In the copy, include all of the listing exactly and none of its pictures.

◆ Provided material:
>>>>

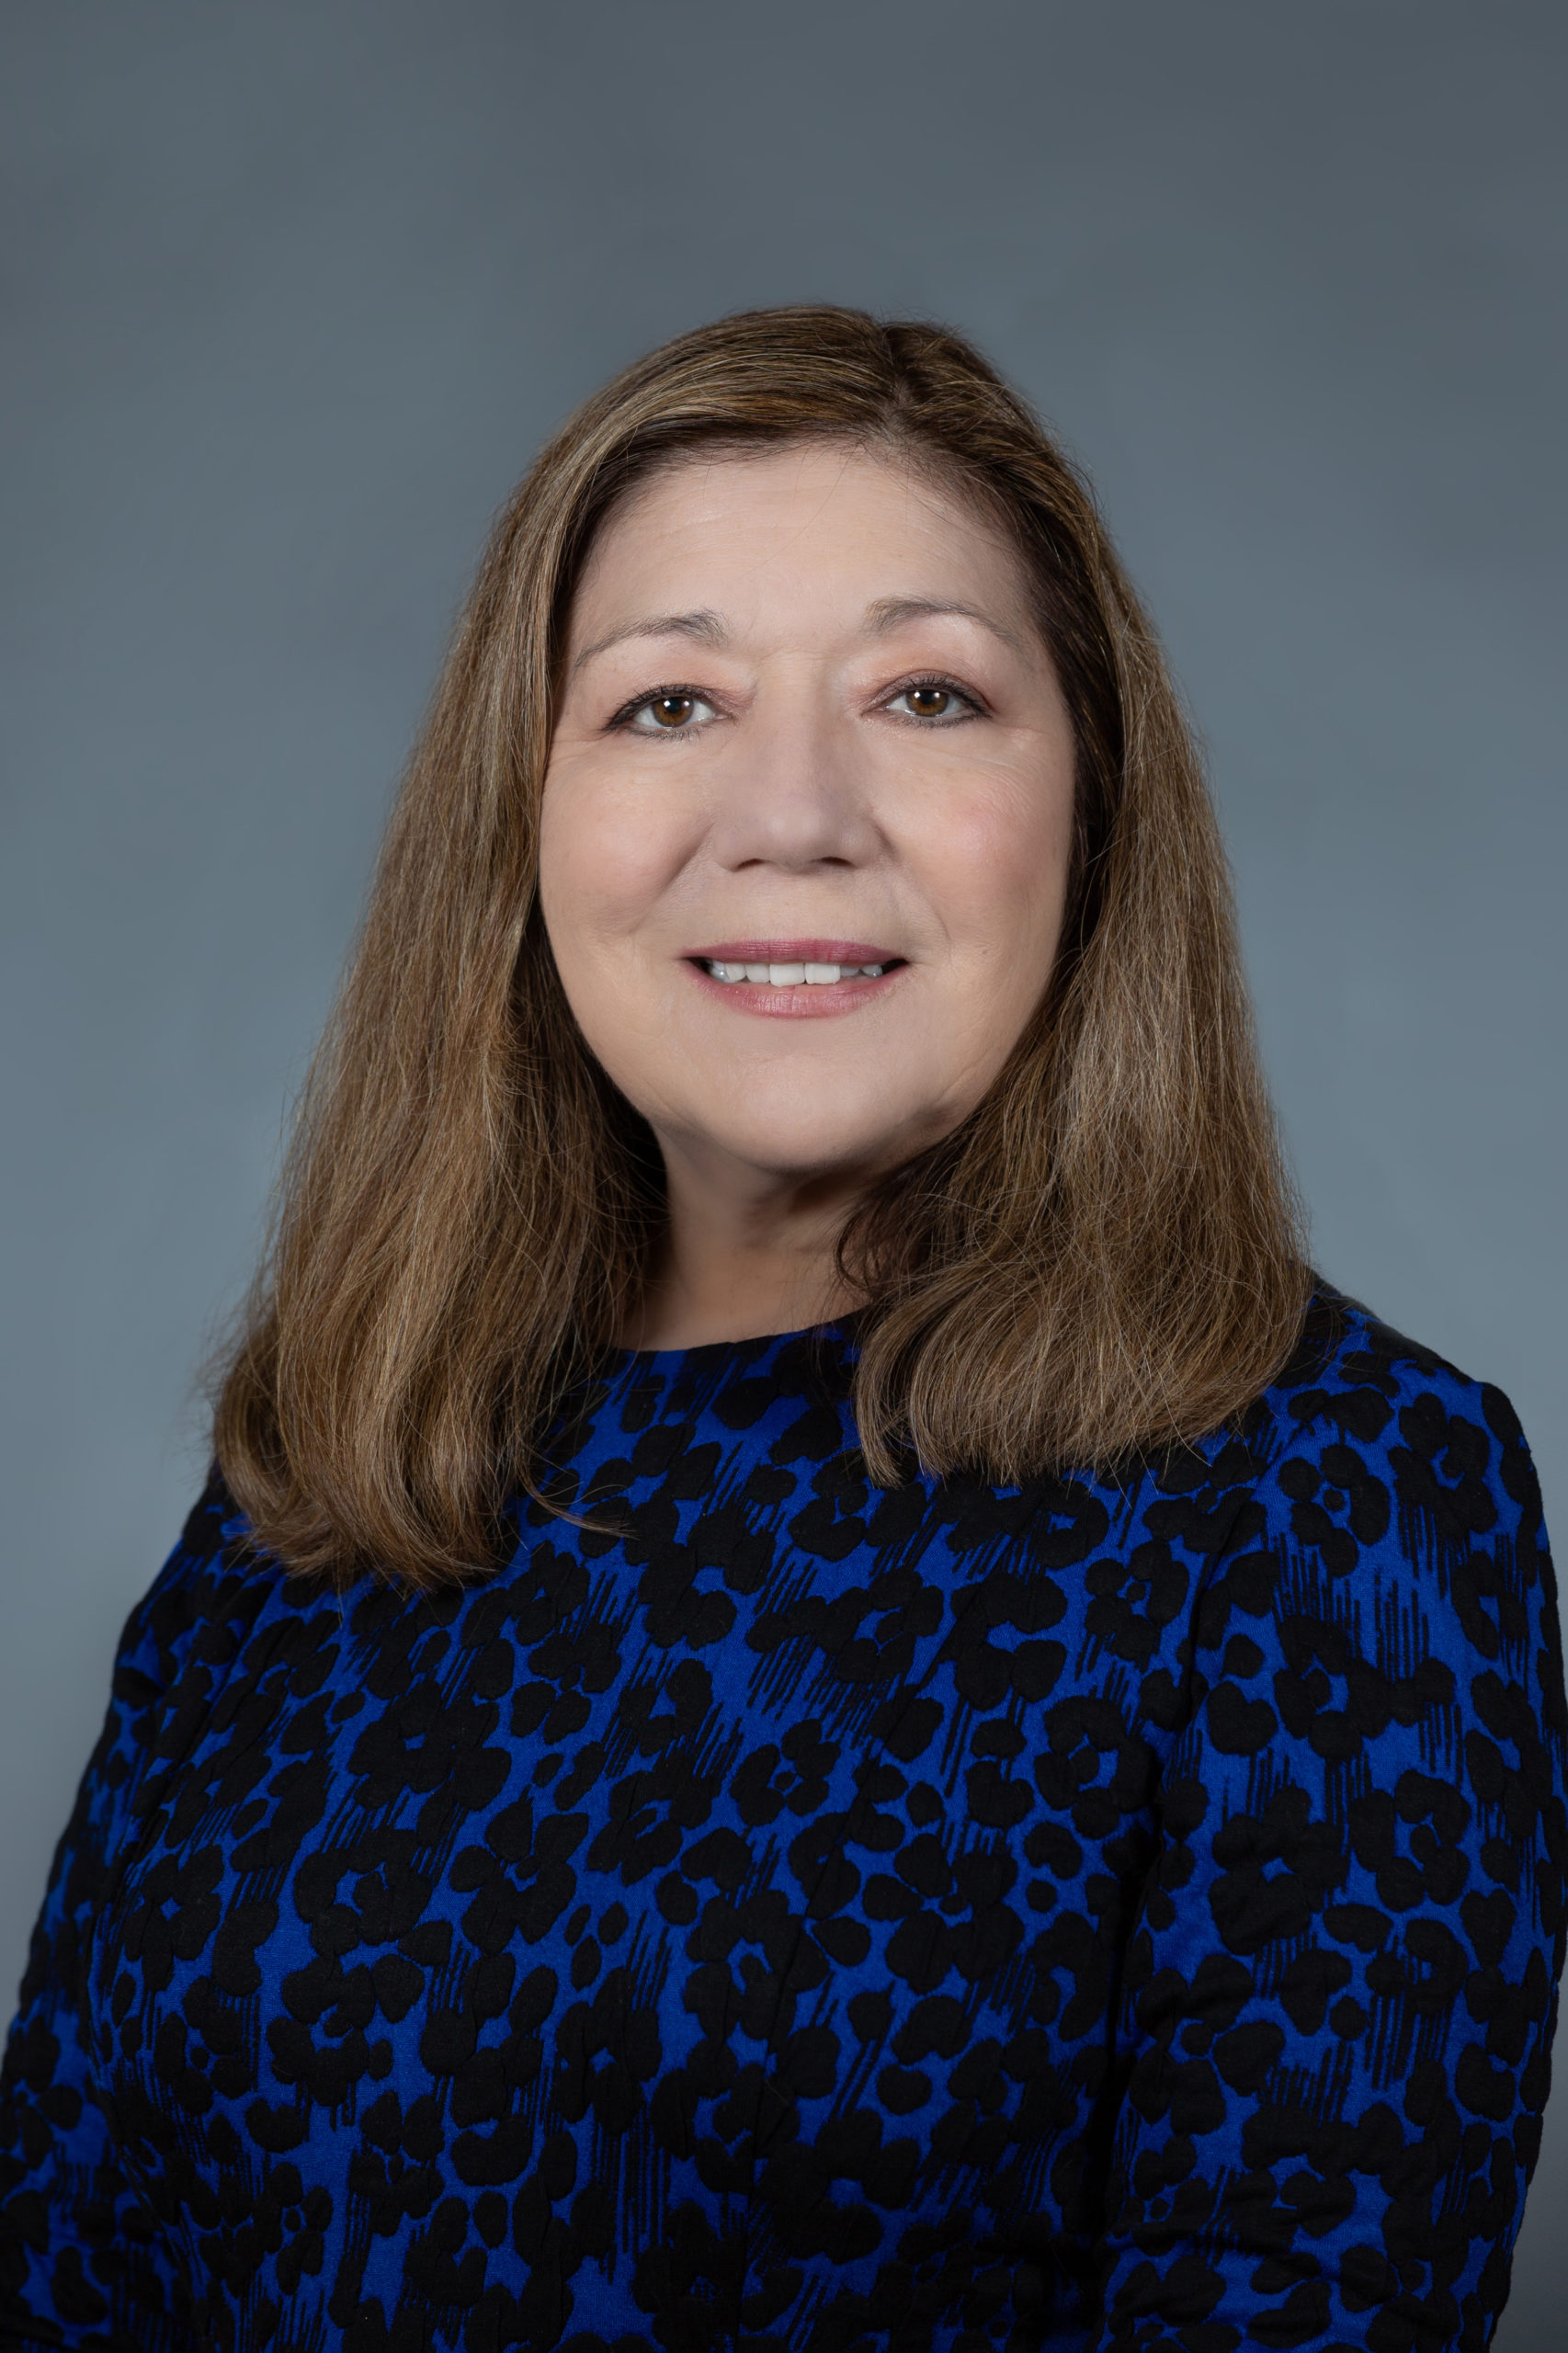 Rafaela Ortiz
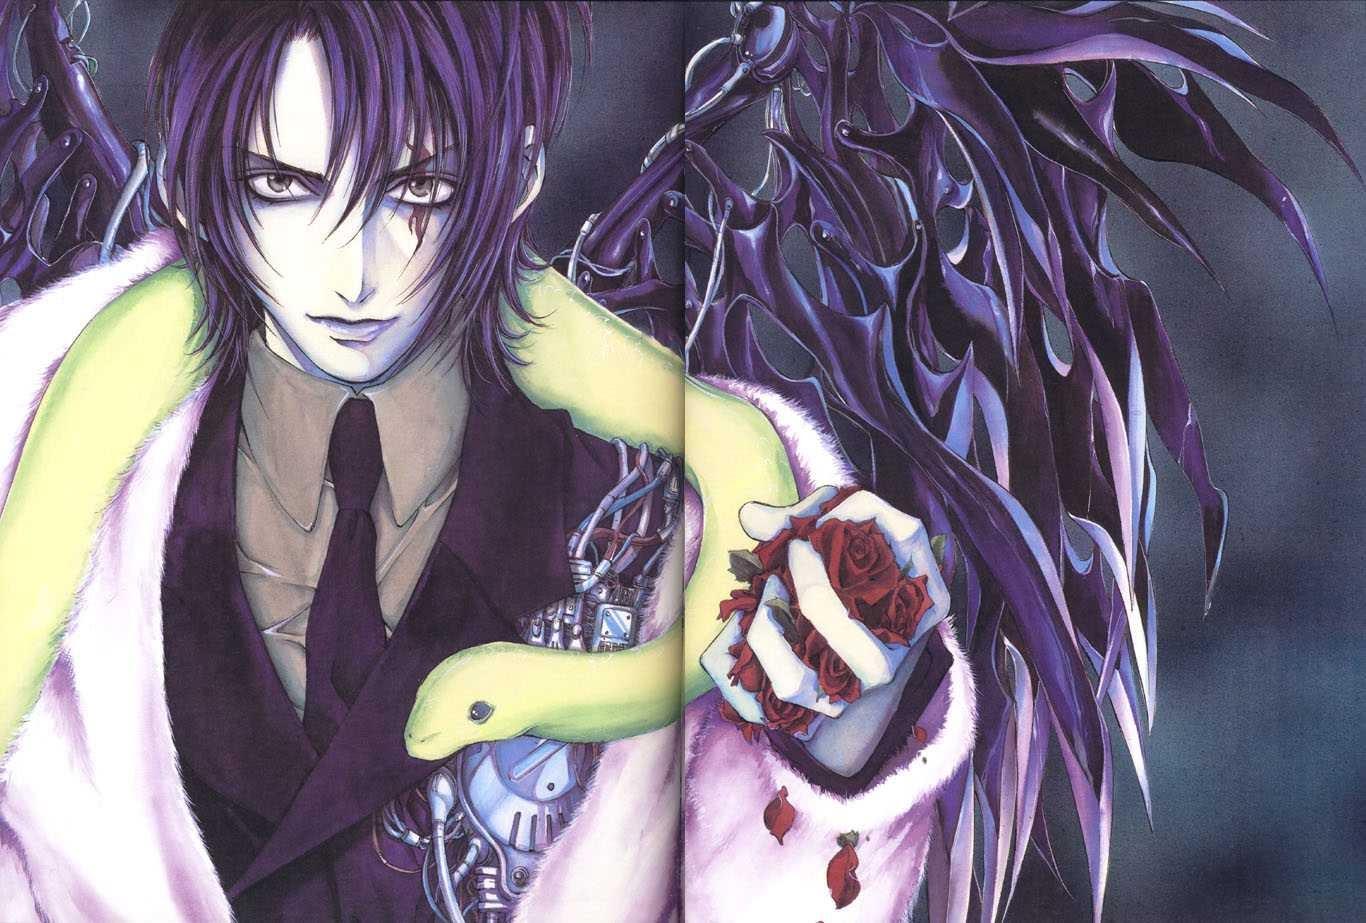 Anime Angel and Demon wallpaper 1080p (1366 x 923 ...
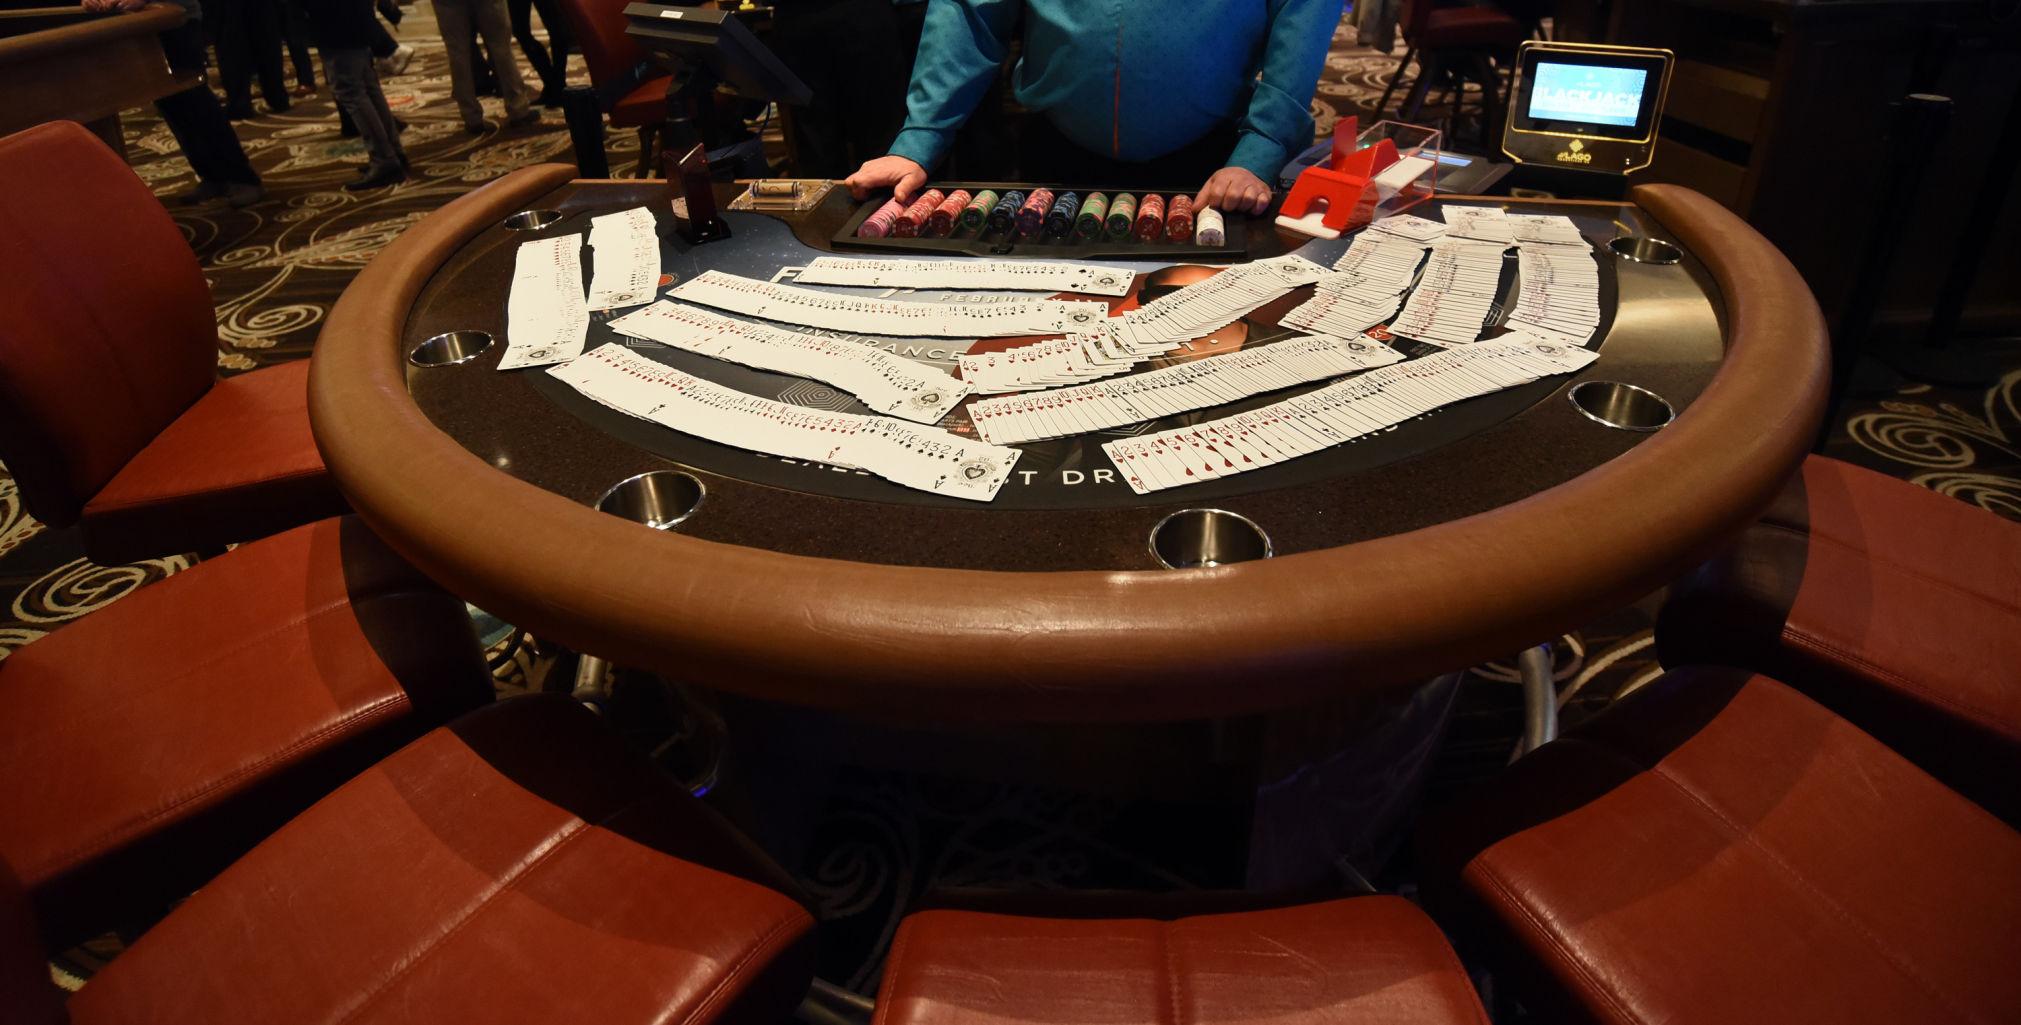 New york wineries casino casino royale by ian fleming

<<<<

◆ Answer to the problem:
 Rafaela Ortiz
 Anime Angel and Demon wallpaper 1080p (1366 x 923 ...
 New york wineries casino casino royale by ian fleming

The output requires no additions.